◆ **Problem to solve**: Only those lines running from the line that contains "Lowe's Pro Ad Weekly Ad from November 17" through the end of the material are to be written out, each exactly as shown.

◆ **Information**:
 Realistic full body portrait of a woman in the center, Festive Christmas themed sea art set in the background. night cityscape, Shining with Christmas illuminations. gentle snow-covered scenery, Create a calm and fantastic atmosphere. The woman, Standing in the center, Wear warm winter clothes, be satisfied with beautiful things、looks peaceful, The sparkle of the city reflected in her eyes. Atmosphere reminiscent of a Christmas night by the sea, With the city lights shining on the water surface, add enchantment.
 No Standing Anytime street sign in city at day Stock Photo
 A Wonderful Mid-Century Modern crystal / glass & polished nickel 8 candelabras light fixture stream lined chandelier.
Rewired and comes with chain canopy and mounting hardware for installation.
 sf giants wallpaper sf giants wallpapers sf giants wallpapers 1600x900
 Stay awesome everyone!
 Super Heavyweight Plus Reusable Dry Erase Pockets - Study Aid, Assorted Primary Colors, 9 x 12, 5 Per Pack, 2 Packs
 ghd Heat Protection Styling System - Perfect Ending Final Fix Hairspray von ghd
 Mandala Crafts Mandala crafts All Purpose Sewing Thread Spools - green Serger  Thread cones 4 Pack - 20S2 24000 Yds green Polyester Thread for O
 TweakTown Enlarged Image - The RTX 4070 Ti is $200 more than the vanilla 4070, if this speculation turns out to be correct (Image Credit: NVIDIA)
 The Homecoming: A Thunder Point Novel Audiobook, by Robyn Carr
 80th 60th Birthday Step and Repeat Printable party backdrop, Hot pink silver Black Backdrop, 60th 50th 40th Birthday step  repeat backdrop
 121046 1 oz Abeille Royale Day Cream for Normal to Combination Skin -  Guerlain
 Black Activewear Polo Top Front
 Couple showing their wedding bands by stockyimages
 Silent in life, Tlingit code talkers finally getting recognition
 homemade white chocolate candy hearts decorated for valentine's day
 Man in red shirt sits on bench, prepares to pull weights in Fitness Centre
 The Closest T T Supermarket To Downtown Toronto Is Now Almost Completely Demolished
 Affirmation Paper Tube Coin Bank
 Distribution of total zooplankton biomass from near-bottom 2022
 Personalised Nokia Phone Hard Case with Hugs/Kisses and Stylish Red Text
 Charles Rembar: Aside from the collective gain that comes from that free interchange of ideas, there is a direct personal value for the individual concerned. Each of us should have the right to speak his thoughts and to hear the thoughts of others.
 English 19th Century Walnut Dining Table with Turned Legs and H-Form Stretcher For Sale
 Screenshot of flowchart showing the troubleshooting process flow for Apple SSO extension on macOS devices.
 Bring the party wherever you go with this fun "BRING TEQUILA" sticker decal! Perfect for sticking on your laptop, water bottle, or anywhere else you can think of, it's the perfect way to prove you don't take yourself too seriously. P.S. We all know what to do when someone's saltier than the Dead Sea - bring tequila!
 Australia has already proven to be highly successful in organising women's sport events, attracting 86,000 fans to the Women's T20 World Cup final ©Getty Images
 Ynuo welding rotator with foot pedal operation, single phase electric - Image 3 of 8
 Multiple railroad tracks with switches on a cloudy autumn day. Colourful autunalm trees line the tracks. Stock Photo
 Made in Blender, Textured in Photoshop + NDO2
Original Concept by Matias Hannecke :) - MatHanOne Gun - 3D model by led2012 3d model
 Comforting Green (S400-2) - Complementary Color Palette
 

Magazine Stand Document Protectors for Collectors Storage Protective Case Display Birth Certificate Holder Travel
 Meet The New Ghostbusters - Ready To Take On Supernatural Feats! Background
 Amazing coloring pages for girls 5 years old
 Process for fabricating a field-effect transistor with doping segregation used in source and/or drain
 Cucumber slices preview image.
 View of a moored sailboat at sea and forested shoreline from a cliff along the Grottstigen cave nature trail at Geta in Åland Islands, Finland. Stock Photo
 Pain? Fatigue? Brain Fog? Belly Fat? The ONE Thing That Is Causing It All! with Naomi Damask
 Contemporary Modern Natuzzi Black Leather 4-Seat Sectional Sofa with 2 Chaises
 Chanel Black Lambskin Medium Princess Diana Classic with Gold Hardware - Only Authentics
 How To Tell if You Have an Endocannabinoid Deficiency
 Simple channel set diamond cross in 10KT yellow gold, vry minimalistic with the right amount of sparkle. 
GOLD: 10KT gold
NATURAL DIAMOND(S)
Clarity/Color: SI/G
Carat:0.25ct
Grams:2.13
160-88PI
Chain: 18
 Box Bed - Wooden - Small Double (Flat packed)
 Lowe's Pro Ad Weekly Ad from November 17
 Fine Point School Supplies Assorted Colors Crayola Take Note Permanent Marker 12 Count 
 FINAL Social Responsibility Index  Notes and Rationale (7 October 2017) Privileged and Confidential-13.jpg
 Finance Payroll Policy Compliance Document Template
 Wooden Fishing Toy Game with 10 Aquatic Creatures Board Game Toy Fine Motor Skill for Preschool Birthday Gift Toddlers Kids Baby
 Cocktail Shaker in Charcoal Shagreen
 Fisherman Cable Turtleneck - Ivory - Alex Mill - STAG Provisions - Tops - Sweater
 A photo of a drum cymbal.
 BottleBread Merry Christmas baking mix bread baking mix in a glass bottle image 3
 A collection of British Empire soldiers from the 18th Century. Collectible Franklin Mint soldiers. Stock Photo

◆ **Response to the task**:
 Lowe's Pro Ad Weekly Ad from November 17
 Fine Point School Supplies Assorted Colors Crayola Take Note Permanent Marker 12 Count 
 FINAL Social Responsibility Index  Notes and Rationale (7 October 2017) Privileged and Confidential-13.jpg
 Finance Payroll Policy Compliance Document Template
 Wooden Fishing Toy Game with 10 Aquatic Creatures Board Game Toy Fine Motor Skill for Preschool Birthday Gift Toddlers Kids Baby
 Cocktail Shaker in Charcoal Shagreen
 Fisherman Cable Turtleneck - Ivory - Alex Mill - STAG Provisions - Tops - Sweater
 A photo of a drum cymbal.
 BottleBread Merry Christmas baking mix bread baking mix in a glass bottle image 3
 A collection of British Empire soldiers from the 18th Century. Collectible Franklin Mint soldiers. Stock Photo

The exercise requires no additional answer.